With Labor Day just around the corner, the NYPD, local police departments, County Police and New York State Troopers will be out in full force looking to arrest drivers for Driving While Intoxicated (DWI), Driving Under the Influence (DUI), Drunk Driving or any other named version of the New York Vehicle and Traffic Law for intoxicated driving. Whether the police arrest you and charge you with a misdemeanor or felony VTL 1192 crime (the section of the law that defines all DWI and DUI crimes in New York), there are a few things that all of us should know about New York DWI laws beyond the obvious of steering clear of drinking and driving in any capacity. In no particular order, remember the following:
(1) When the police pull you over or you are stopped at a DWI checkpoint you need not answer them when they ask you whether or what you have been drinking. You always have a right to a lawyer. Telling your mother you only had a couple of beers when you were busted as a kid didn’t fool her. Make no mistake. It will not fool the police or prosecutors either. Your admission will absolutely be used against you.

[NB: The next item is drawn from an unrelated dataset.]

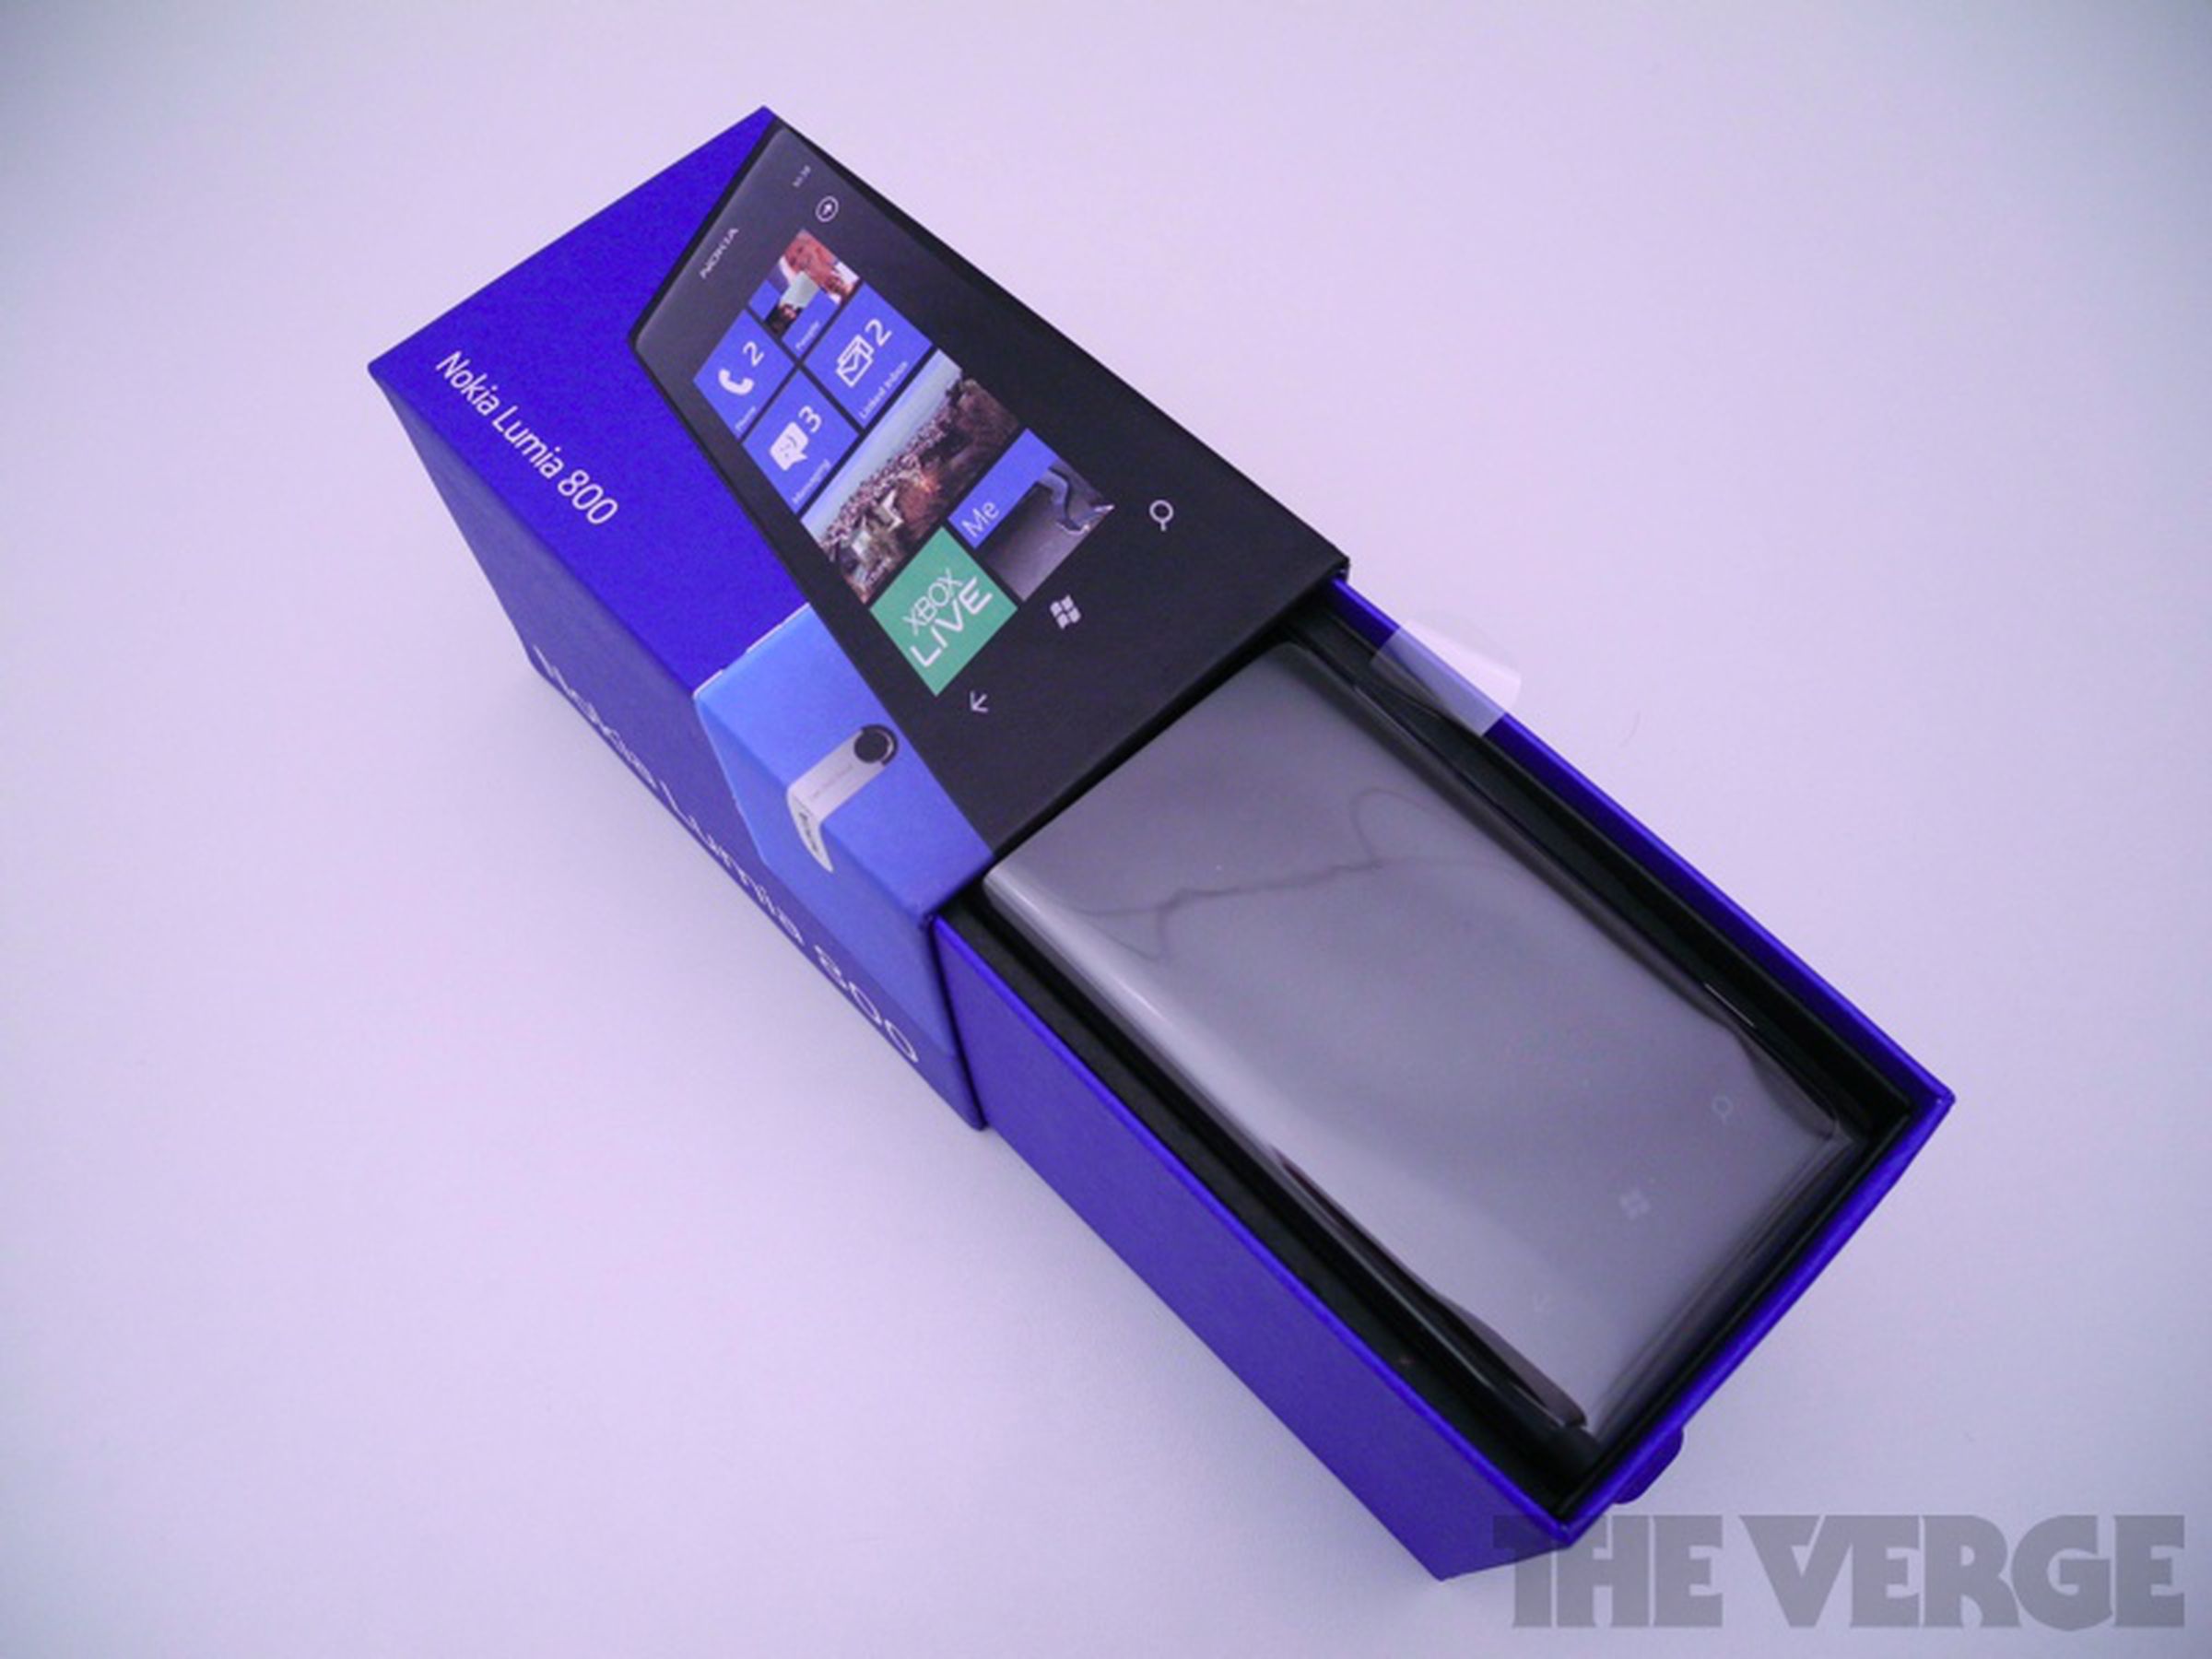 Nokia Lumia 800 retail box photos

(2) You will be asked to blow into a portable unit to ascertain your BAC at the scene. Although this is not the official intoxylizer or other breathalyzer type machine used at the precinct, it gives the police further probable cause to arrest you for a DWI crime such as VTL 1192.2 (BAC .08 or greater). Even if you register a blow below .08, prosecutors can charge you with “common law” DWI based on your mannerisms, appearance, behavior, etc. VTL 1192.3 is the exact same misdemeanor in terms of punishment. Another critical point is something that experienced New York DWI lawyers are seeing with regularity. Even if you refuse to “blow” at the precinct later where the “official” sample is taken, judges are now allowing prosecutors to introduce the field test taken at your vehicle into evidence as long as the proper foundation is set forth. This is relevant because if you refuse to provide a breathe sample at the precinct and otherwise appear sober, the sample you provided at the scene may be the scientific “nail in your coffin” that prosecutors can use for a conviction. Obviously it is your decision, not one that is answered here, as to whether or not you should “blow.”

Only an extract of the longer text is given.